Probability Representation and Contexts
The Boolean coder in libvpx relies on state-based
probability models to predict the likelihood of a 0 or a 1.
- 8-bit Probabilities: Probabilities are represented as 8-bit unsigned integers ranging from 1 to 255. The value represents the probability of the symbol being 0, scaled to a denominator of 256. For example, a probability value of 128 represents a 50/50 chance (\(128/256\)).
- Context Modeling: To maximize compression, the coder uses context-adaptive modeling. The probability of a bin is determined by the values of previously coded, neighboring syntax elements.
- Static vs. Dynamic Updates: Unlike some arithmetic
coders that update probability states after every single coded bit,
libvpx(particularly in VP8) often keeps probabilities static throughout a frame or updates them at designated intervals. This design choice prevents serialization bottlenecks and allows for highly parallelized decoding.
The Encoding Algorithm
The Boolean coder maintains two primary registers during the encoding
process: 1. range: Represents the width of the current
coding interval (initialized to 255). 2. low (or
value in the decoder): Represents the bottom of the current
interval.
For every bin processed, the coder performs the following steps:
1. Interval Subdivision
The coder splits the current range into two
sub-intervals based on the probability (\(P\)) of the current bin being 0. The split
point is calculated using integer math:
\[\text{split} = 1 + \left( \frac{(\text{range} - 1) \times P}{256} \right)\]

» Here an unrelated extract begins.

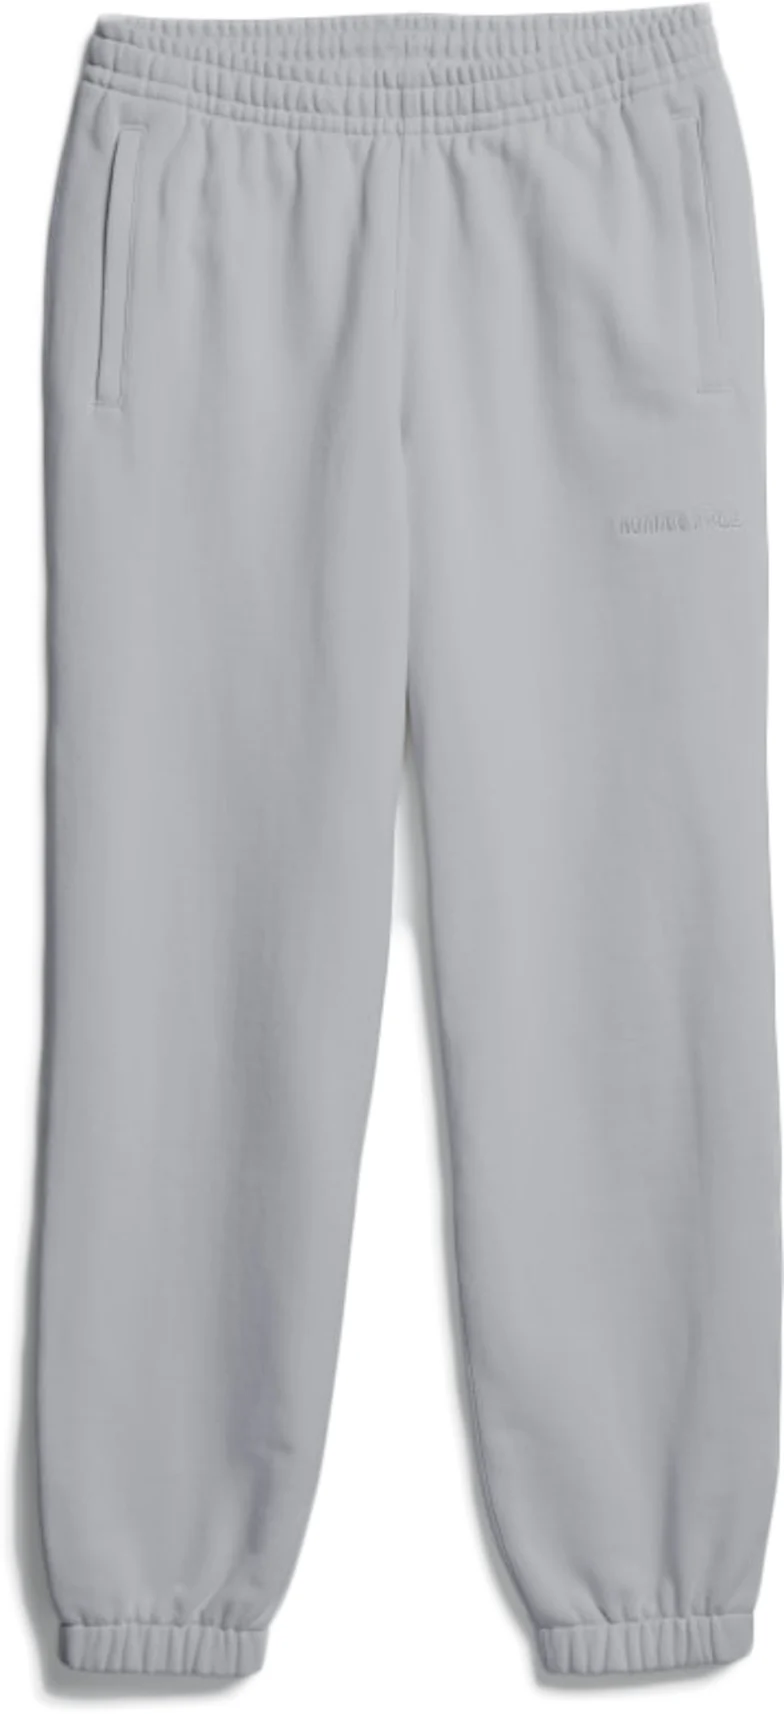 adidas Pharrell Williams Basics Sweat Pants Light Grey Heather

In practice, this is implemented using a fast bitwise shift:
split = 1 + (((range - 1) * P) >> 8).
2. Range and Low Update
Depending on whether the actual bin being encoded is 0 or 1, the
registers are updated: * If the bin is 0: The new
range becomes split. The value of
low remains unchanged. * If the bin is 1:
The new range becomes range - split, and
low is incremented by split.
3. Renormalization
As symbols are encoded, the range progressively shrinks.

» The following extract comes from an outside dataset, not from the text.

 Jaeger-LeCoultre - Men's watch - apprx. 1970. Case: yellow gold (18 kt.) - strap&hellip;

To prevent numerical underflow and maintain precision, the registers
must be renormalized whenever the range falls below 128
(the MSB of the 8-bit register becomes 0).

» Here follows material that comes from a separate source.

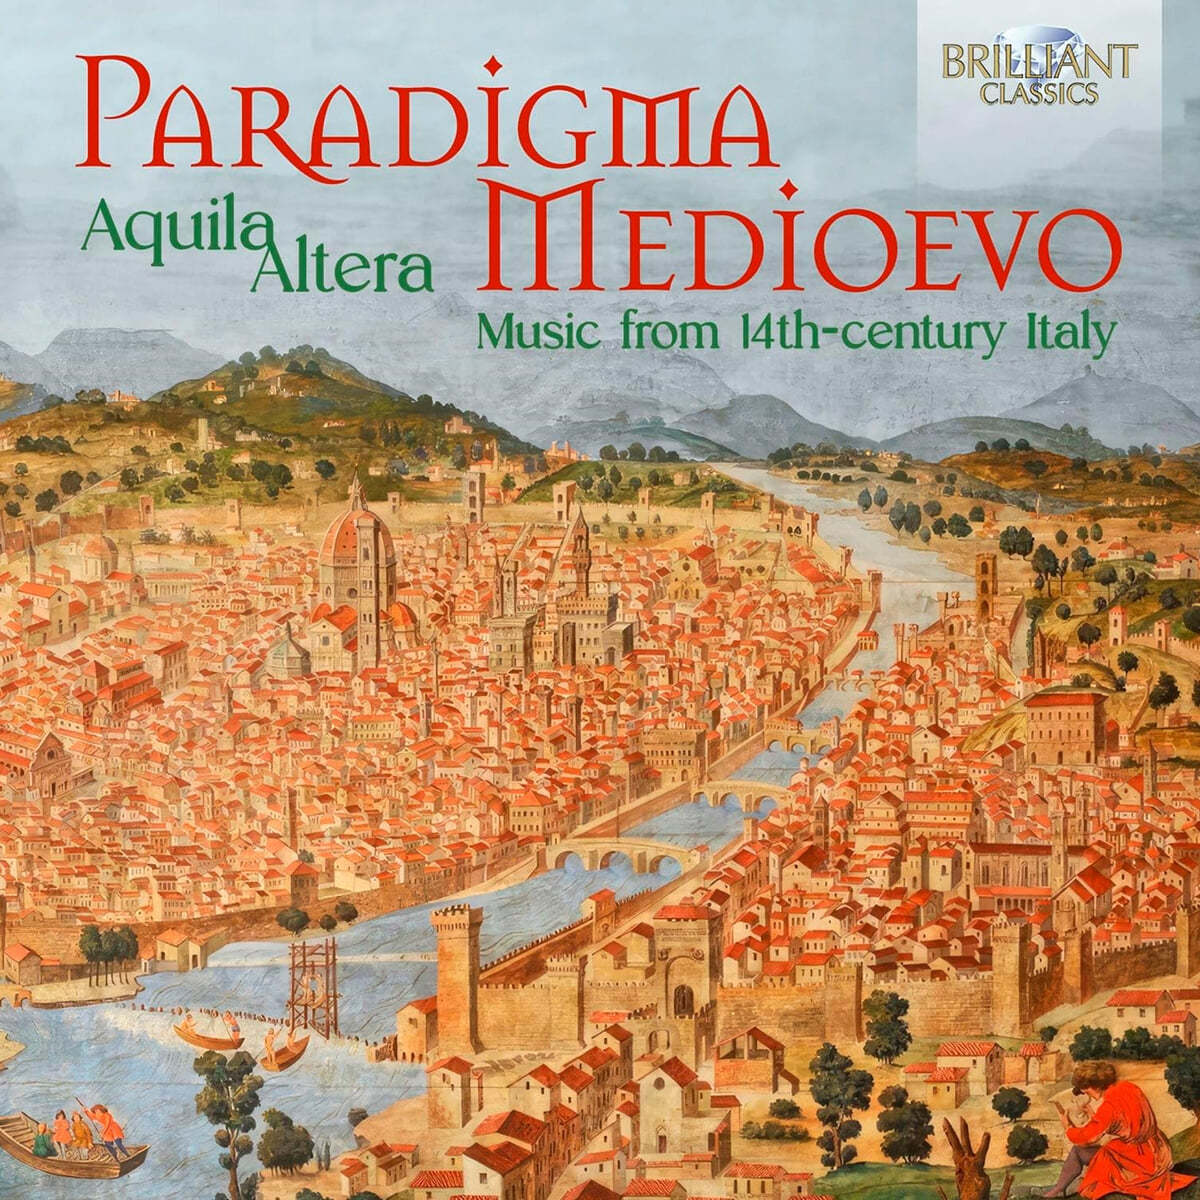 Aquila Altera 14세기 이탈리아 중세음악 모음집 (Paradigma Medioevo: Music from 14h-century Italy)

During renormalization: * The range is shifted left by 1
bit (range <<= 1). * The low register is
shifted left by 1 bit (low <<= 1). * As
low shifts, bits are output to the final compressed
bitstream.
Binarization of Non-Binary Syntax Elements
Because the Boolean coder only processes binary inputs, any syntax element that can take on more than two values must undergo binarization before entropy coding.
libvpx converts multi-symbol values into a series of
binary decisions using tree structures (such as Huffman-like binary
trees) or unary coding. The encoder then passes each branch of the tree
as a individual bin to the Boolean coder, using a unique probability
context for each node of the decision tree. This allows the coder to
maintain high compression efficiency even when dealing with complex,
multi-valued data like transform coefficients.